Namaku Meliana. Aku anak pertama dari 3 bersaudara. Kedua adikku tinggal bersama orang tua di Riau. Aku sekarang duduk di bangku perkuliahan Fakultas Ekonomi dan Bisnis, jurusan Akuntansi, Universitas Sumatera Utara. Perjuangan yang masih amat sangat berat untuk mencapai kesuksesan. Walau hanya melewati satu tangga lagi.

Bukan perjuangan yang mudah untuk sampai di tingkat sekarang ini, melihat kisahku yang harus berpindah-pindah karena krisis moneter 1998-2000 di Batam membuat orangtuaku di PHK. Hingga memaksa aku tinggal bersama nenek di Dolok Sanggul untuk melanjutkan SD kelas 5.  Nenek atau disebut Opung adalah seorang yang bekerja keras dan pantang bermalas-malas. Anak SD disana sudah harus mampu ke sawah. Padahal aku belum terbiasa dengan ini, tempat ini, dan keadaan ini. Dan  yang paling berat aku harus berpisah dengan orangtua. Penderitaan batin pun mulai kurasakan. Tidak ada kasih sayang, yang ada dimarahi, dipukul, dimaki dan hal ini berlanjut sampai aku masuk SMP.

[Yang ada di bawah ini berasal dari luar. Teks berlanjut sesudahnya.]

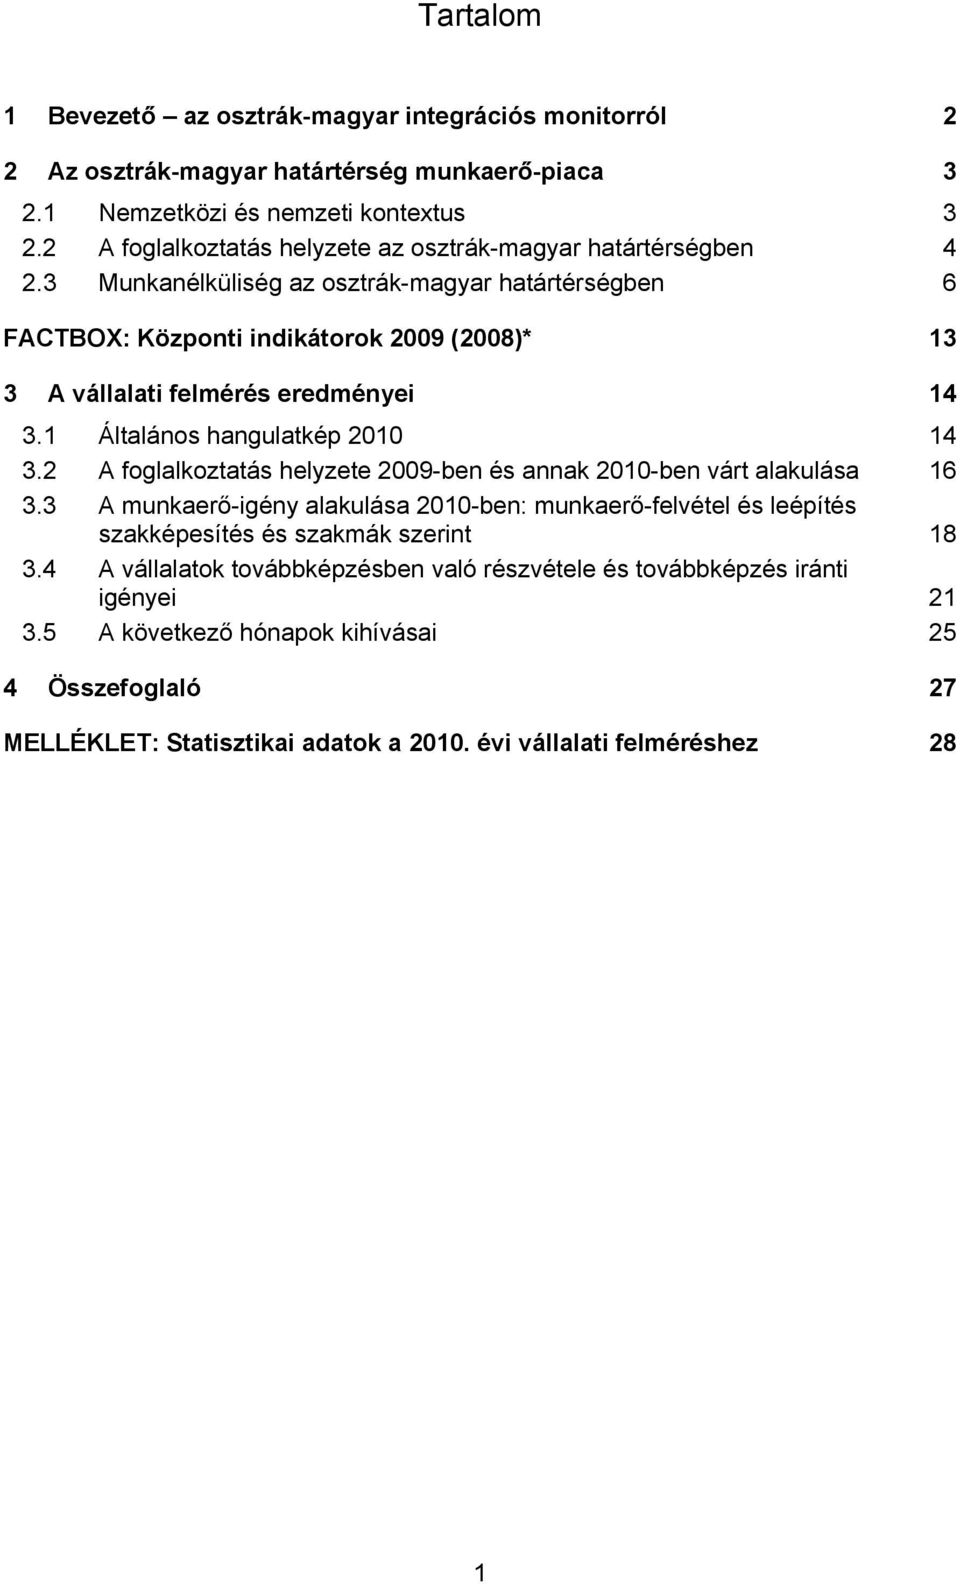 3 Munkanélküliség az osztrák-magyar határtérségben 6 FACTBOX: Központi indikátorok 2009 (2008)* 13 3 A vállalati felmérés eredményei 14 3.1 Általános hangulatkép 2010 14 3.
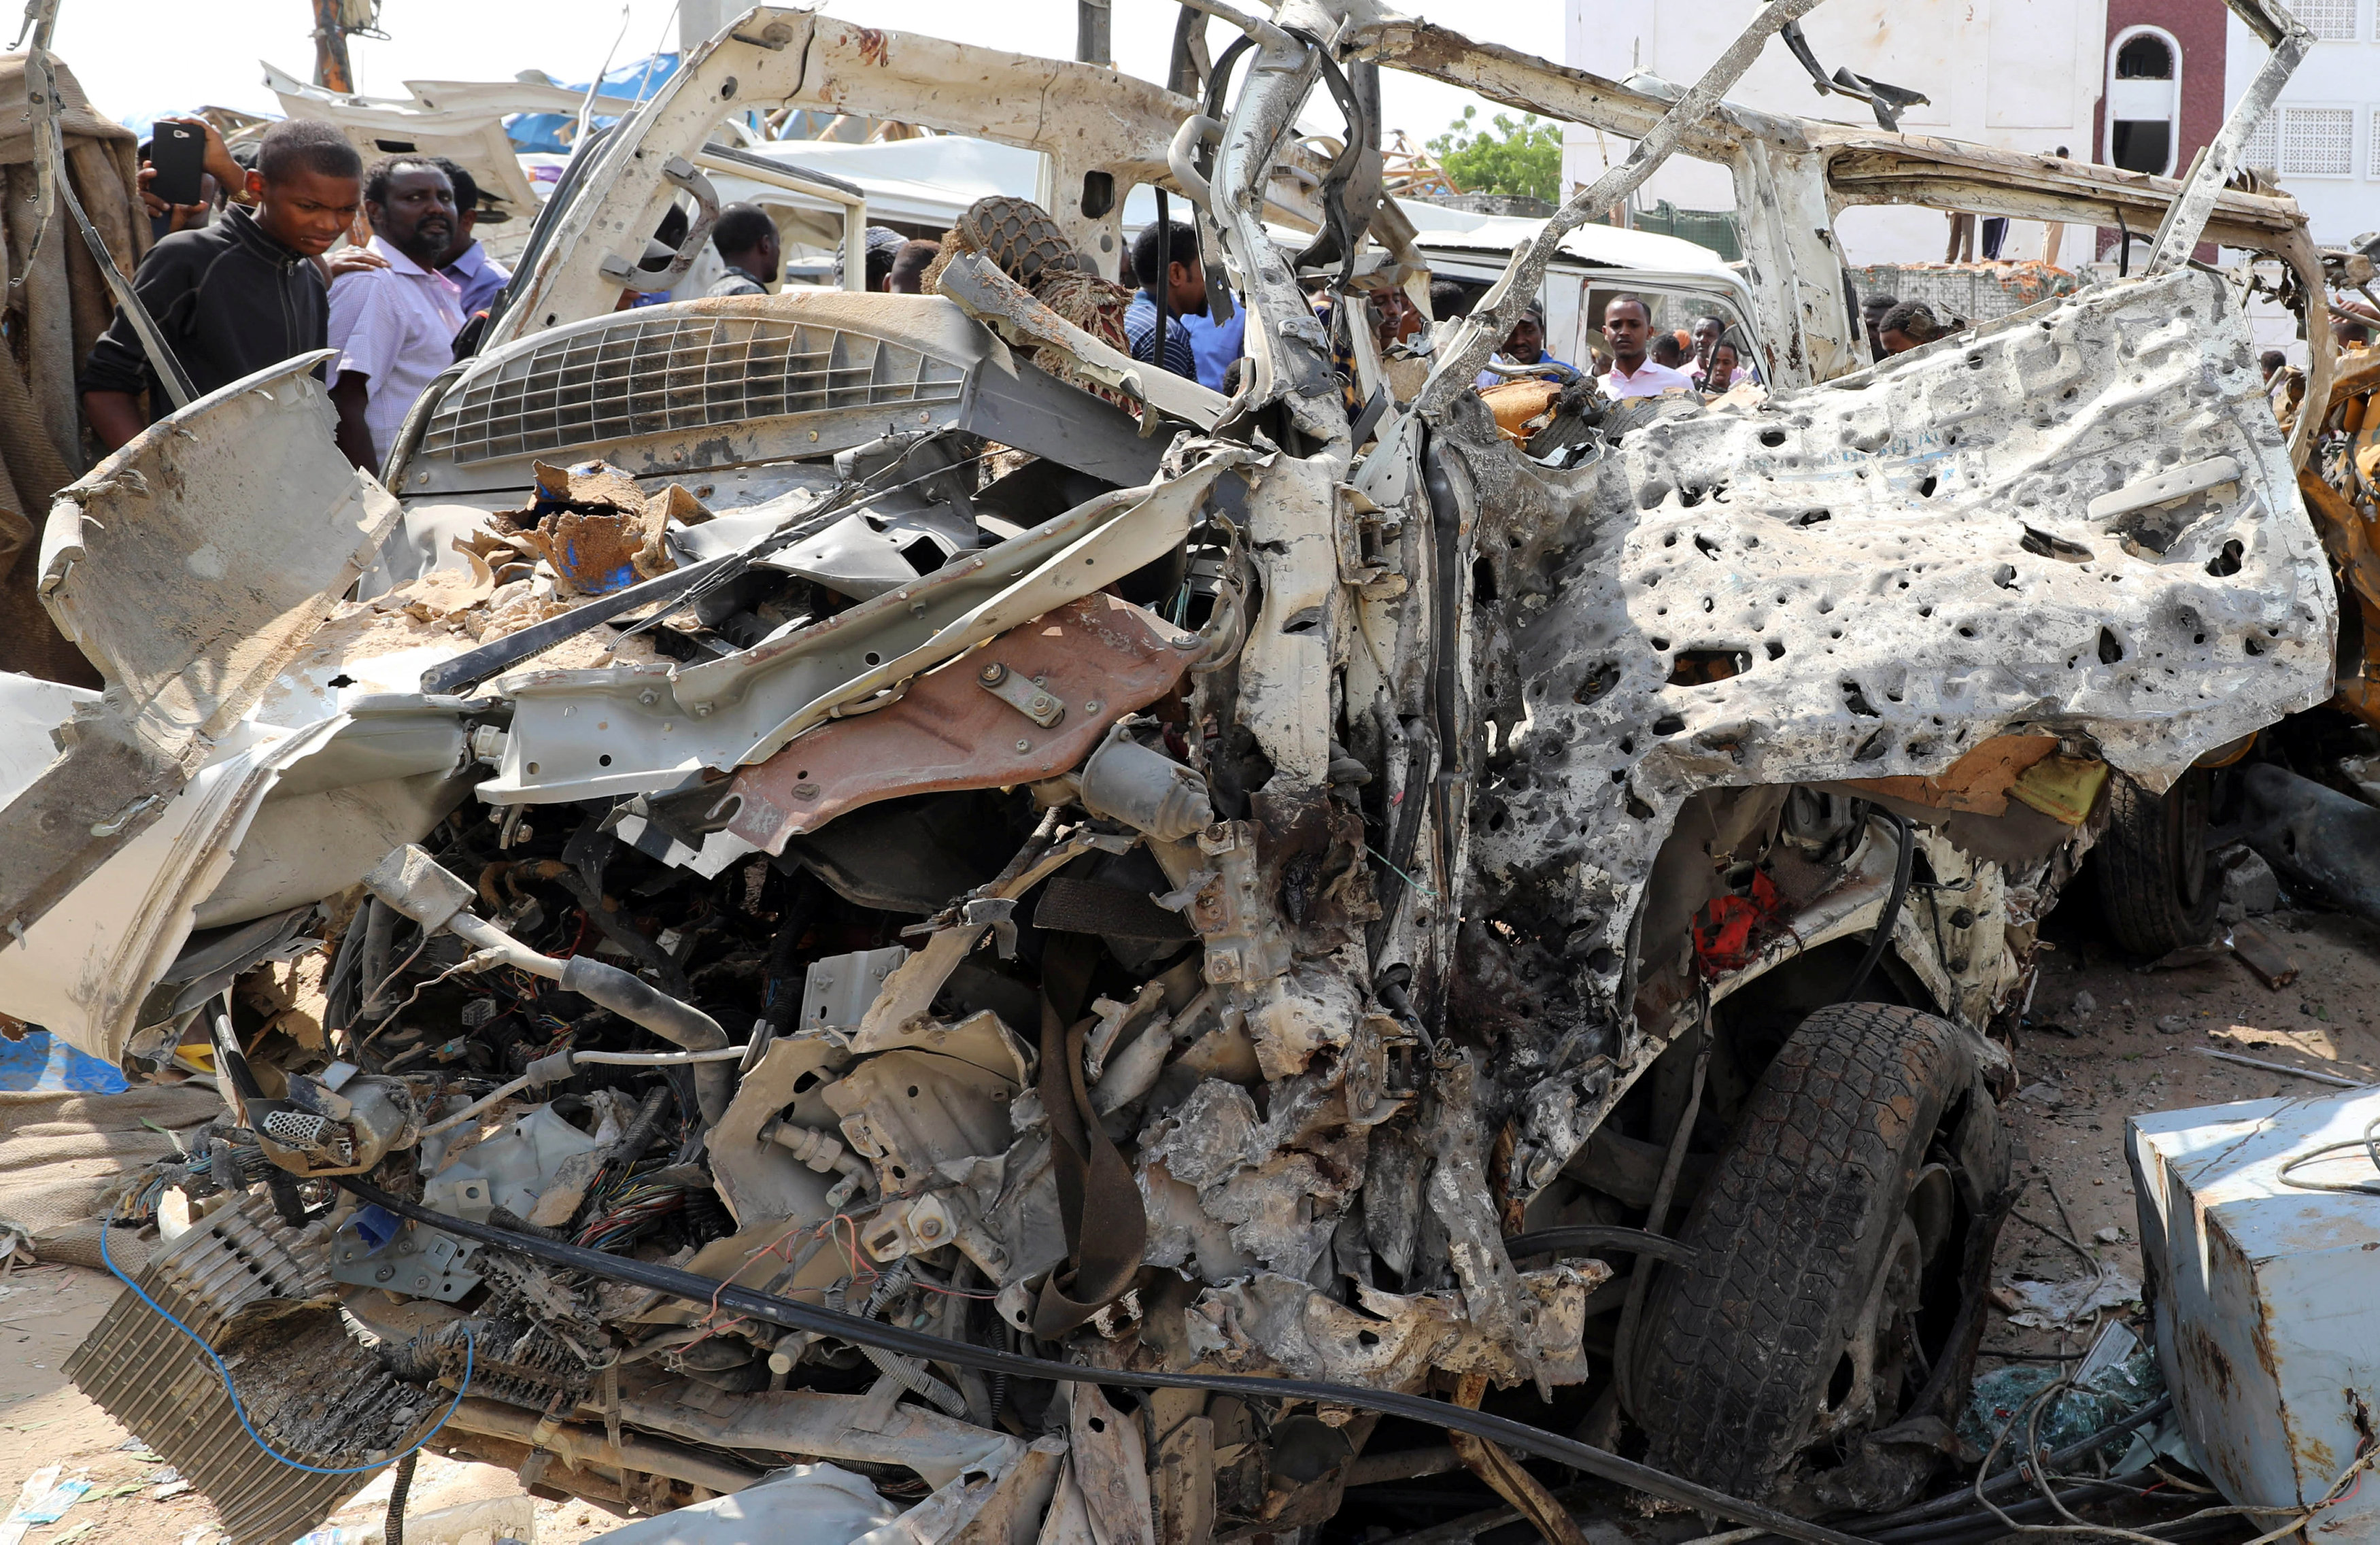 索马里首都汽车炸弹袭击死亡人数升至50人

SMP adalah masa dimana seorang anak perempuan ingin dimengerti disebabkan masa pubertasnya. Namun, tidak bagiku. Marah, maki sudah menjadi santapan tiap hari. Aku bingung, ini salah itu salah dan tidak mengerti bagaimana yang seharusnya kuperbuat. Aku kesal dengan semuanya, aku merasa semua orang jahat. Hingga aku menjadi nakal dan menjadi malas pulang ke rumah. Batinku teriris rasanya jika berada di rumah itu. Dan saat aku mengadu ke orang tua, mereka katakan aku yang salah dan cobalah untuk  bekerja dengan bagus. Aku menangis setiap hari karena tidak ada seorangpun yang mengerti aku.

 Dalam kesendirian aku selalu menangis. Siapa yang mengerti aku? Aku kerjakan yang aku bisa, tapi tidak pernah dipuji. Kenapa kesalahan sedikit menjadi pemicu kemarahan? Apa arti kerja keras yang kulakukan? Selalu salah dan tidak pernah benar itulah yang kurasakan.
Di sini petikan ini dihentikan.